= Exercise requirements =
Copy out every line of the data that has the word "transposon" somewhere in it.

--- Records provided ---

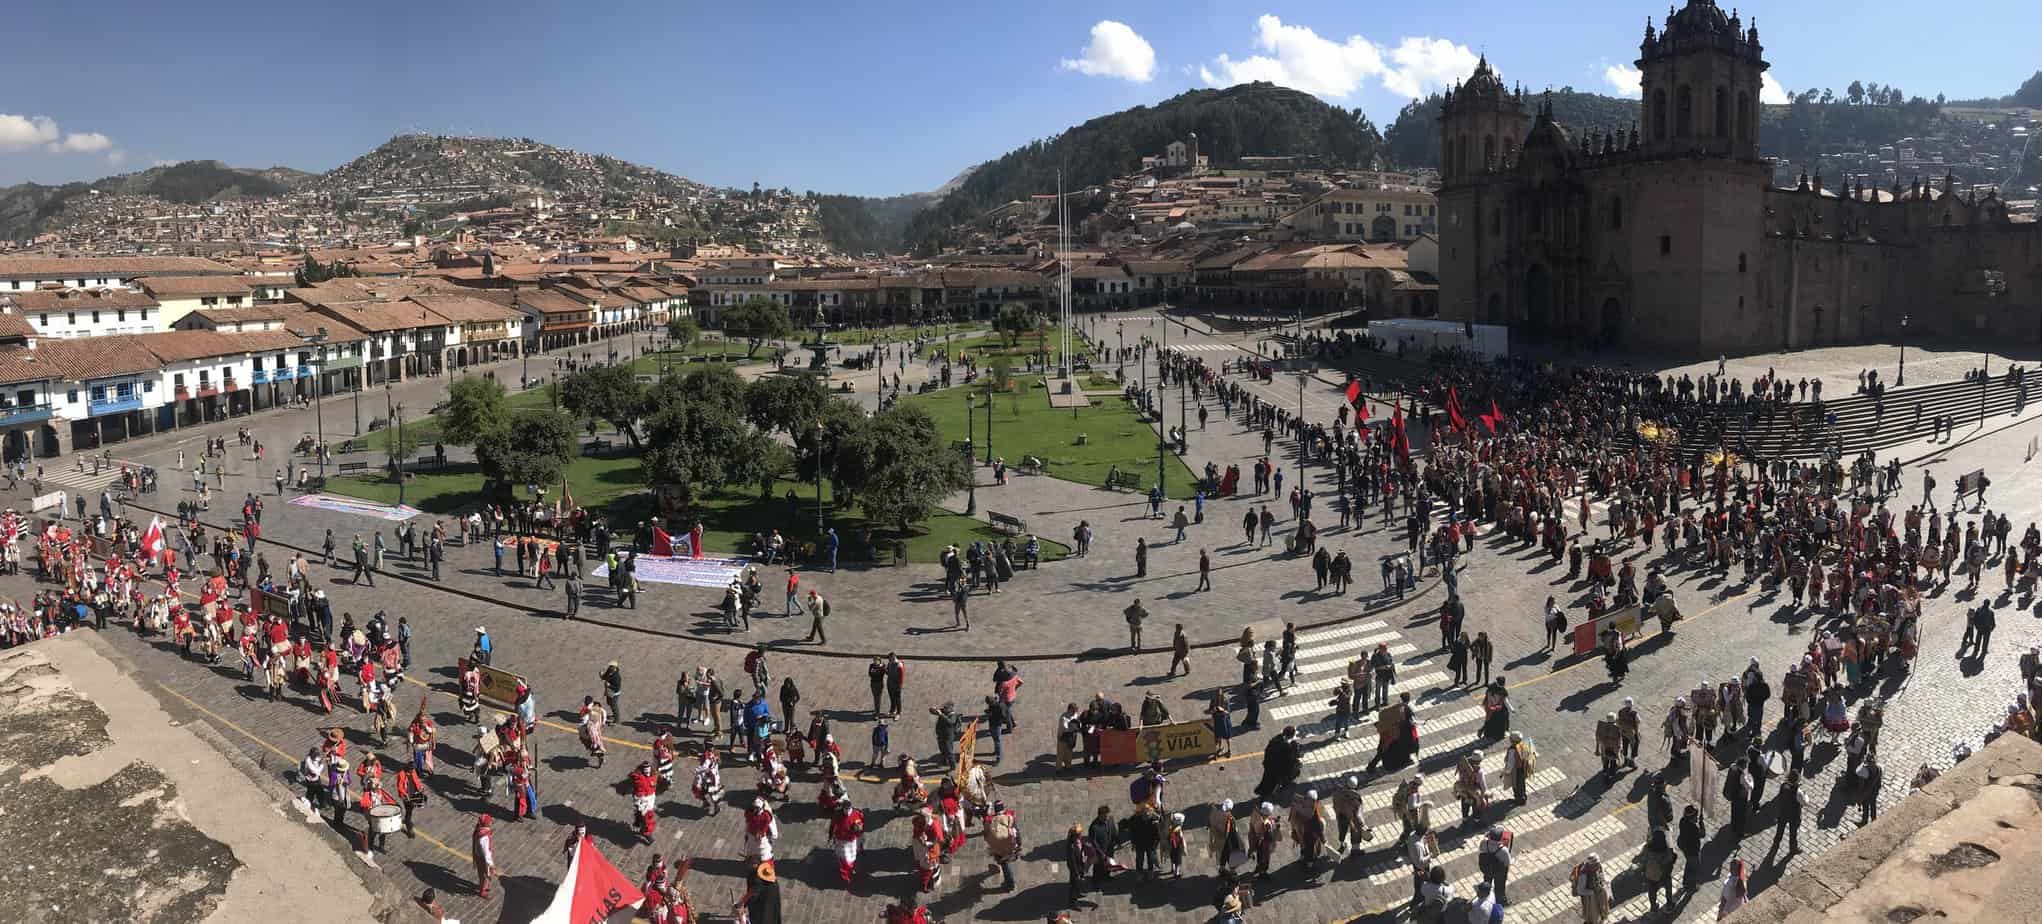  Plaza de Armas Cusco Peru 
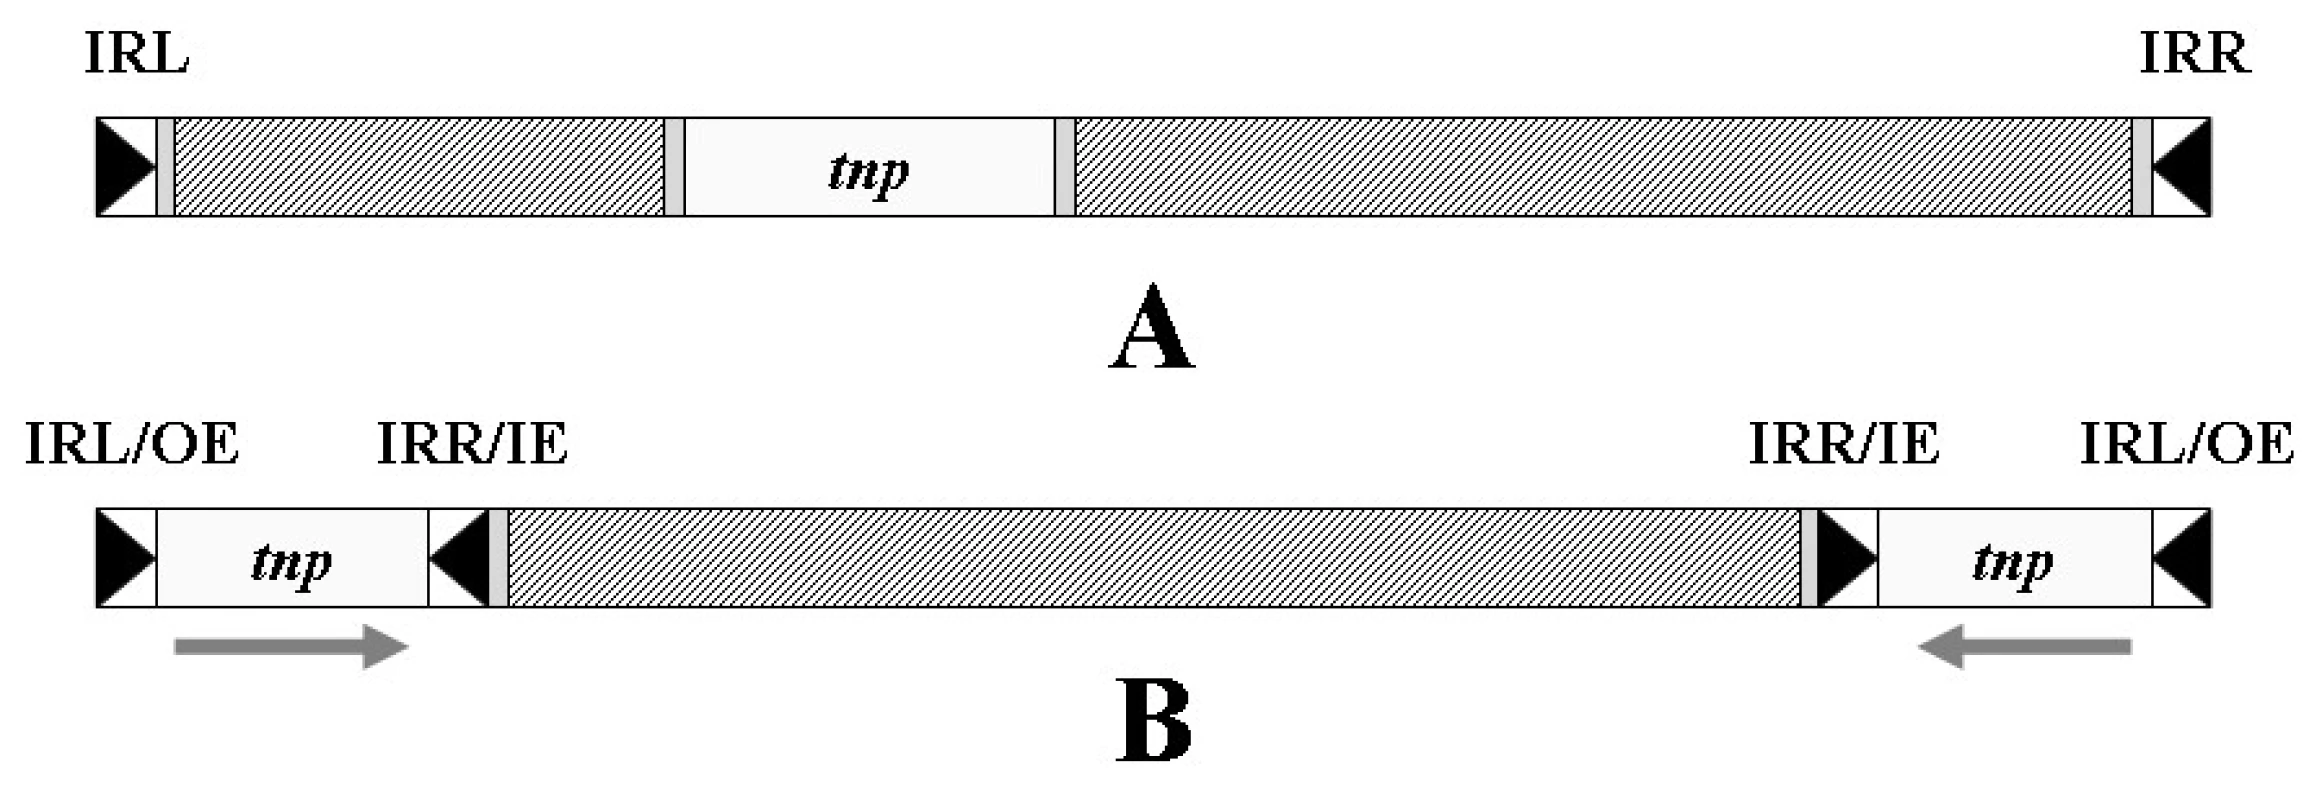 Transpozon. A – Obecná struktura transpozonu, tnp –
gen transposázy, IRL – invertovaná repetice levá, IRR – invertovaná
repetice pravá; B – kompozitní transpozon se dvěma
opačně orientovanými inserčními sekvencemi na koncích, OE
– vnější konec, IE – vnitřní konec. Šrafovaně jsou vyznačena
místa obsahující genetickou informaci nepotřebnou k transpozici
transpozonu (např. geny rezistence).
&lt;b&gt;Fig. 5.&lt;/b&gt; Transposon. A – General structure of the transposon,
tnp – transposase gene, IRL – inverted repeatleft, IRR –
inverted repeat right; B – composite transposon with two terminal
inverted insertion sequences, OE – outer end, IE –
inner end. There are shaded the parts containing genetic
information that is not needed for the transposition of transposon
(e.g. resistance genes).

---

= Written response =
&lt;b&gt;Fig. 5.&lt;/b&gt; Transposon. A – General structure of the transposon,
inverted repeat right; B – composite transposon with two terminal
information that is not needed for the transposition of transposon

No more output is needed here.